───── LISTED ENTRIES
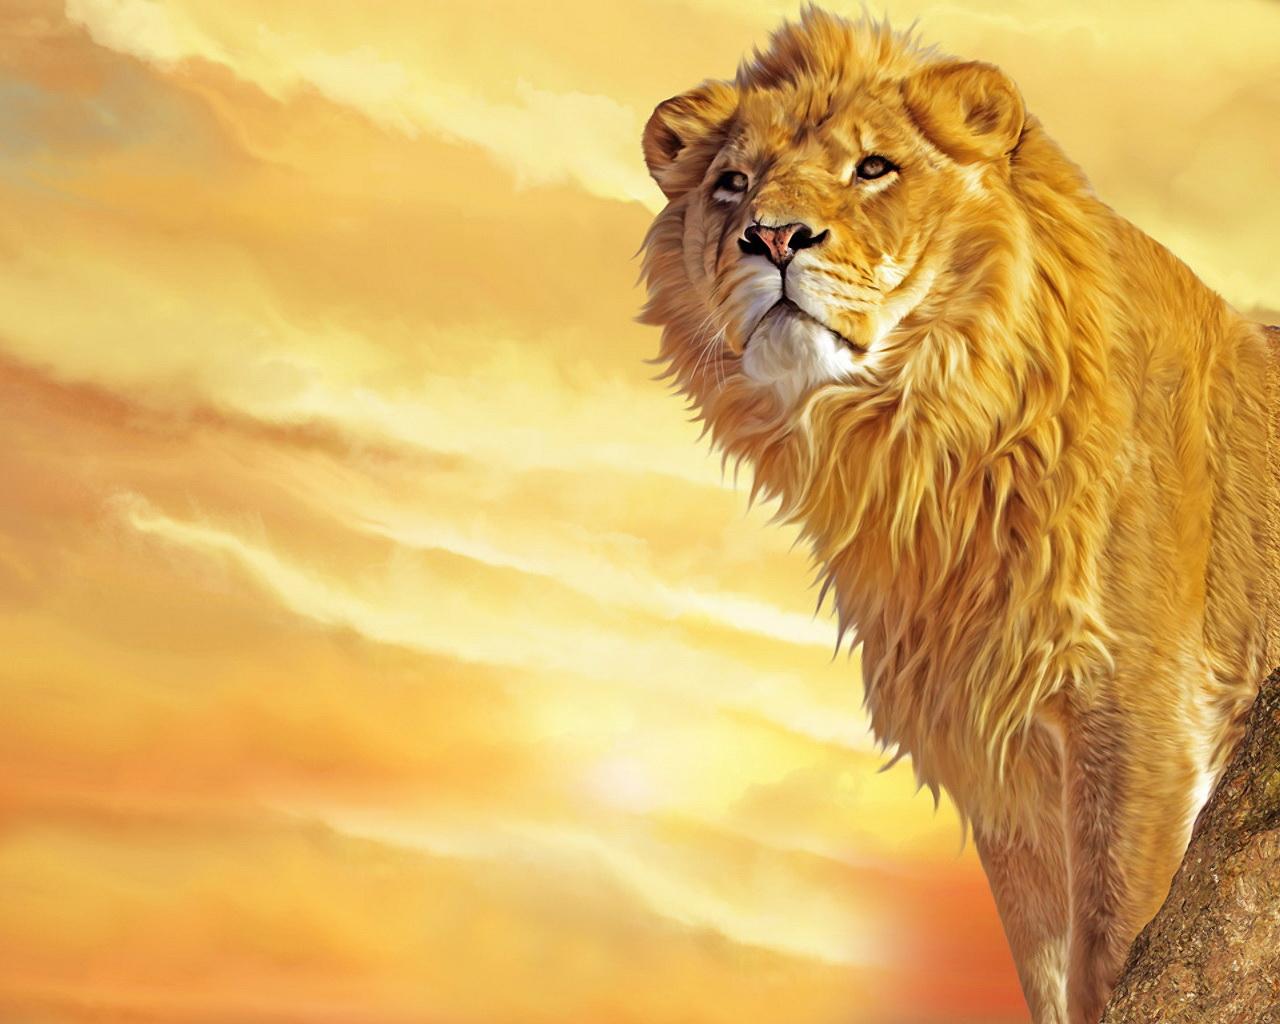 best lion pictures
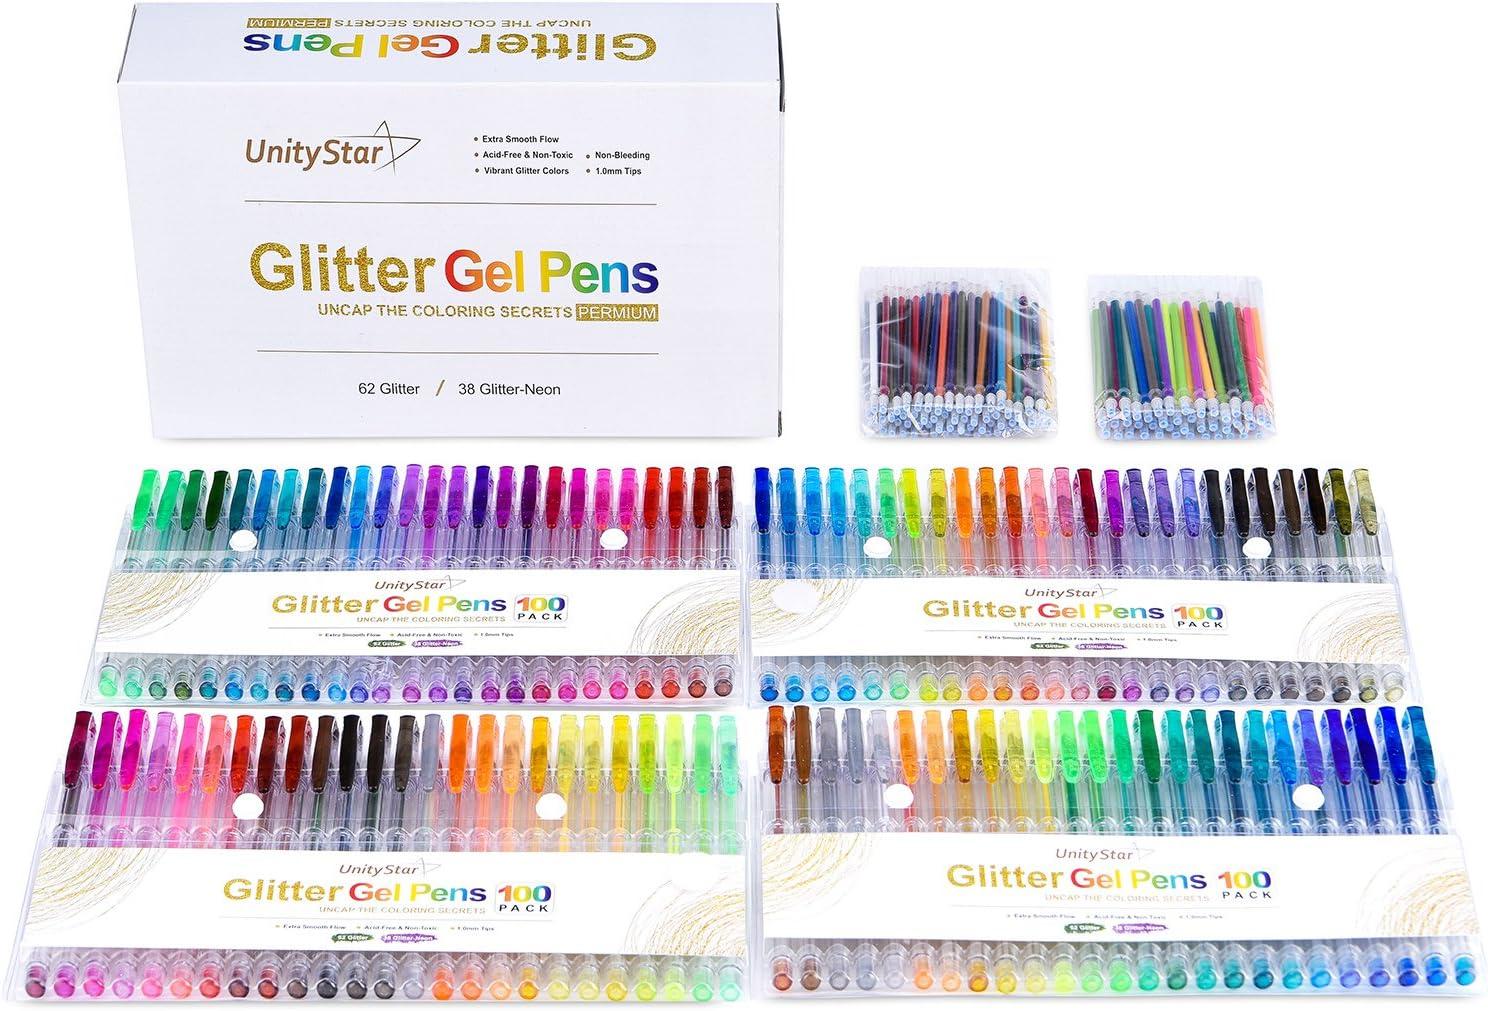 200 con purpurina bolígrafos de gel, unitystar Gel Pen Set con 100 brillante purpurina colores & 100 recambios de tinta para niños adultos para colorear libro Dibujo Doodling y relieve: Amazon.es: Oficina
──────────
───── LISTED ENTRIES
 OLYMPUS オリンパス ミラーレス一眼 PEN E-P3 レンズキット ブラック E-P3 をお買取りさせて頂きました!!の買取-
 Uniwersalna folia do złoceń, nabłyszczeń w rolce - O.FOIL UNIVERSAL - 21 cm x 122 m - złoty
──────────
EXERCISE INSTRUCTIONS: Without the pictures, give again exactly the lines above starting at the line containing "best lion pictures" and ending at the line containing "200 con purpurina".

SOLUTION TO THE EXERCISE:
 best lion pictures
 200 con purpurina bolígrafos de gel, unitystar Gel Pen Set con 100 brillante purpurina colores & 100 recambios de tinta para niños adultos para colorear libro Dibujo Doodling y relieve: Amazon.es: Oficina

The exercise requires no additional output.